I alighted on two books, which I purchased in first edition. Walter Raymond's Two Men o' Mendip (Longmans, Green, 1899) and Under Cheddar Cliffs (Seeley, 1903) by Edith Seeley. Baker summarised the first as: Lawless and uncivilized character, and strong, elemental passion, are the basis of this tragedy of country life. It represents a state of things that actually existed a century ago among the lead-miners near Cheddar and their unfriendly neighbours, the farmers. The picturesque scenery of the Mendip Hills, and the traits of speech and manners, are depicted with familiar knowledge.
Walter Raymond (1852-1931)

Raymond was born in Yeovil and remained a Somerset man all his life. His novels, written between 1888 and 1928, were based on Somerset rural life and they were praised by contemporary critics for their ‘simplicity and wholesomeness’. One recent commentator remarks that the books were very simply written with no convoluted plots or wordy descriptions. Nevertheless, his spontaneous and charming style was well suited to Somerset country life, the chief subject of his writing, and garnered him much critical acclaim.

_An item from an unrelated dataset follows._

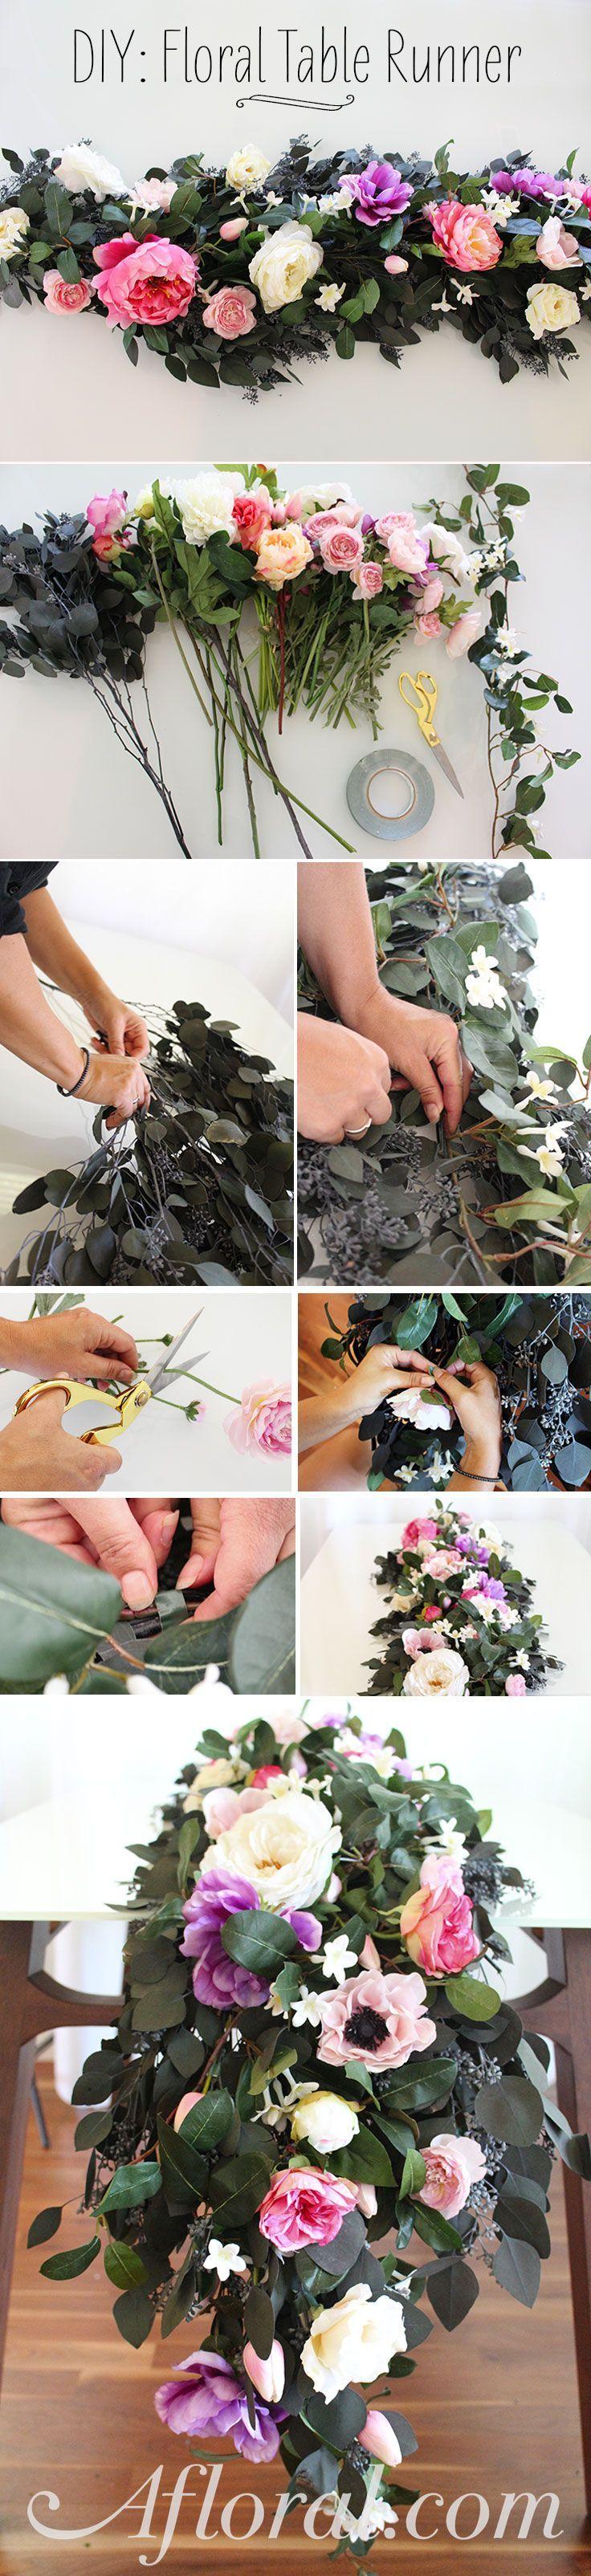 Diy floral table runner flower centerpieces wedding diy

He also wrote under the pseudonym Tom Cobbleigh.

First edition - 1899

Now to Two Men o' Mendip. I must admit, I did not take heed of Baker's phrase this tragedy of country life. Tragedy there certainly is, as the tale contains two murders, two hangings (one for a murder, the other for sheep stealing) and a death through a broken heart. I was not really prepared for three of them. The story is set over exactly one year, from April 1813 to April 1814 (with ne'er a squeak about the Napoleonic War!) It concerns Little Patty Winterhead, short in stature, slight in figure, and little in limb. She lives with her father, John - a man every inch of him, in the very prime of life, and firm and sound as an oak tree - in Charterhouse Farm nigh on Cheddar Gorge. Aged 20, coming on 21, she has never had a boyfriend or been in love.  Her emotions are all bound up with her Vather, who was so fond o' me as ever his heart can hold. All is set to change. She finds love with young Giles Standerwick, a groover (lead miner) and the unfolding tragedy pits father against lover - the Two Men o' Mendip - towards a grim conclusion.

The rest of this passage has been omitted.